On the other hand, the coverage of the Charleston massacre has been wall-to-wall for days, but, predictably, continues to miss the mark when it comes to addressing gun violence in our nation.  Do not get me wrong. What happened in Charleston was an awful tragedy, a hate crime, and, arguably, an act of domestic terrorism, but focusing attention on whether or not the Confederate flag should be taken down (it should, clearly) or on the mental faculty of Dylann Roof misses the forest for the trees if you are interested in the topic of what to do to reduce gun violence in our country.
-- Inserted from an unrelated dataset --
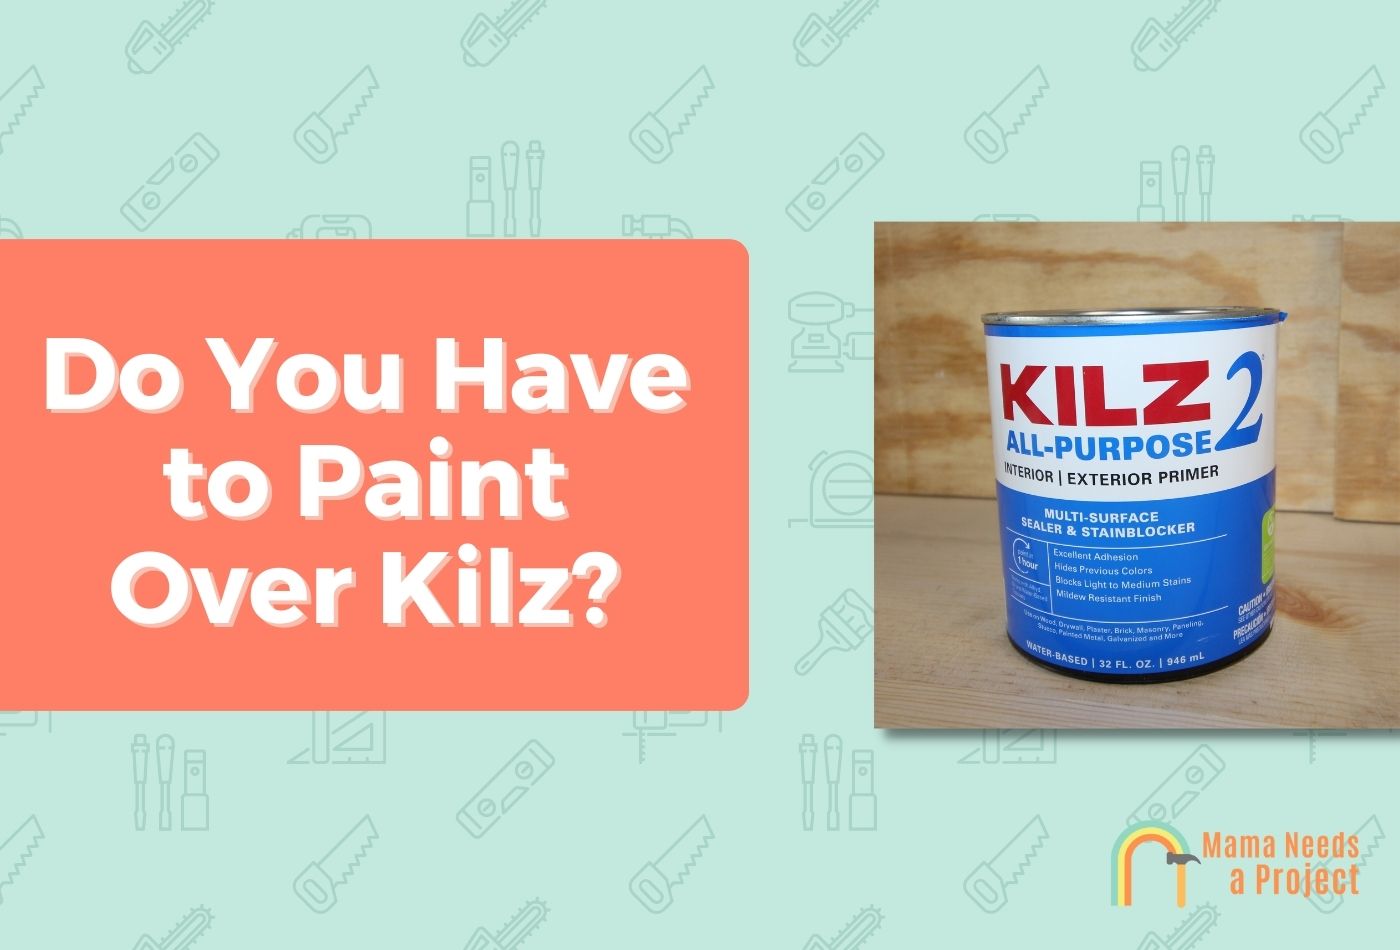 Do You Have to Paint Over Kilz

Indeed, attempting to create policy off of "black swan" mass shooting events while ignoring the everyday gun violence that is taking places on the streets of so many of our cities is political and journalistic malpractice. 

Sadly, "gun violence" is actually quite predictable - it occurs disproportionately in cities, is associated with things like domestic violence, drugs, and gang activity, with weapons that are used by people who acquire them illegally. This is an important point because the idea that strict, state-level gun laws in and of themselves will reduce gun violence is a fallacy. In New Jersey, where I live, the Brady Campaign rates our gun control laws as the third strictest in the nation - we require people to obtain licenses to purchase guns, we do background checks, closed the "gun show" loophole, and have a waiting period between when you get your gun license and when you can purchase a gun, and on and on, but that has not stopped Camden, to take one example, from consistently being at or near the top of the list of the most dangerous cities in our country. Other cities, like Newark, Trenton, and Paterson also experience a per capita murder rate far greater than the national average and just six cities in New Jersey account for the more than 340 shooting murders that occur in our state each year. 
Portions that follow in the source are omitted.